團伊玖磨先生、という音楽家が居た。
先々週のこと、慌ただしかった今年の冬休みに一度は訪れようと思っていた郊外の巨大書店に、地下鉄と中央バスを乗り継いで行ってみた。
学問に必要な専門書であれば、大学の書店で買えばよい。あるいは、書名さえわかっていればamazon.co.jpで注文するという手もある。
従って、本業に必要な本を買うつもりはなかった。言うなれば、あえて無駄遣いをしに行ったようなものである。幾ばくかの金と時間を、自らページを繰り、そこで気に入った本を買う、という行為は、私にとって何者にも代え難い贅沢なものである。
バスから降りて、根からの卑しさが災いして寄ったモスバーガーにて、チーズバーガーを喰らい、次に本来の目的である書店の門をくぐったときには、すでに日が暮れかかっていた。
そこで何冊か、写真術の本だの、メディア論の本だのと、飯の種にもならぬような本を買った。
財布をしまいがてら、懐中時計を出すと、まだ帰りのバスの時間には小一時間ある。

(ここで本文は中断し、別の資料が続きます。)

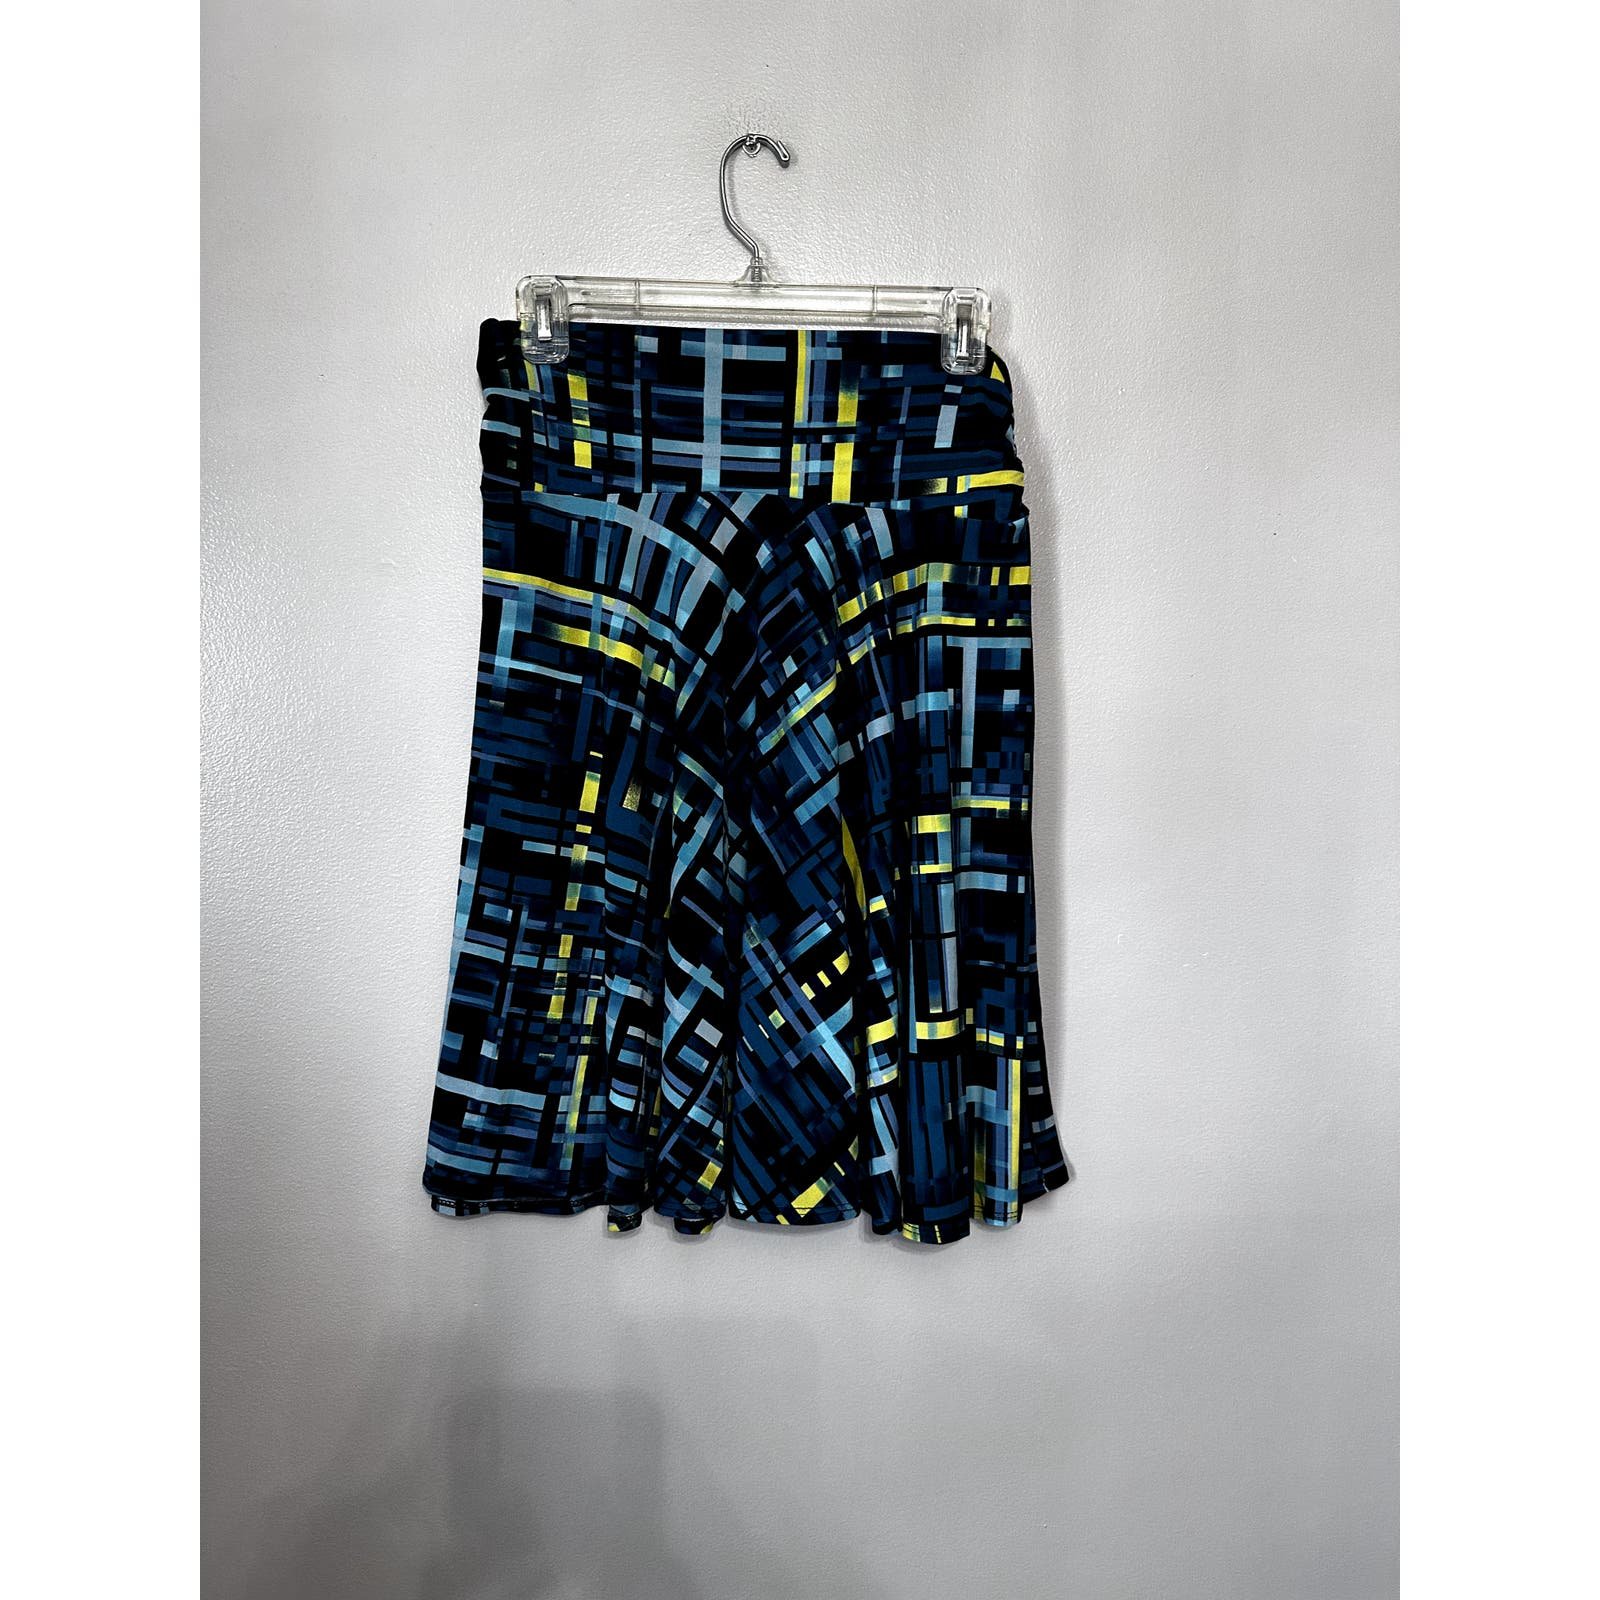 The Best Seller George Multi Colored Knee Length Skirt Pull On Elastic Waist M 8/10 KXlBwOuaS for sale

やれ、困ったと思いながらも、またしても書店に併設されているミスドにてドーナツとコーヒーを喰らいつつ、書物に目を走らせた。
ここでふと、ある書物のタイトルが思い出された。
「パイプのけむり」
オペラ「夕鶴」から、童謡「ぞうさん」まで、多くの名作を生みだしてこられた作曲家、團伊玖磨先生の随筆集である。
まだ私が子供だった頃、祖父からもらったこの「パイプのけむり」から教わったことは数知れない。「瓦斯」「檸檬」などの所謂難読語の類は、書けぬにしても読めるようにはなったし、その昔中国のことを「支那」と読んだ時代のあったことを知った。また、芸術家、これすなわち偏屈な思考の持ち主ということをも、行間に読みとったものだった。
「パイプのけむり」は、27巻「さよならパイプのけむり」をもって完となっている。先生がずっと随筆を載せ続けてきた媒体である写真誌、「アサヒグラフ」が休刊になったことが理由であった。「アサヒグラフ」の休刊から間もなく、先生自身も2001年5月17日、中国蘇州市にて客死された。
バスの時間が20分後に迫っては居たものの、私はあわてて検索端末を手繰り、棚の間を駆け回って、その書物を買い求めた。
芸術家の生き様としての作品は、その死を以て完結する。
だからこそ、人は永遠に生き続けることが出来る、とも言えるのだ。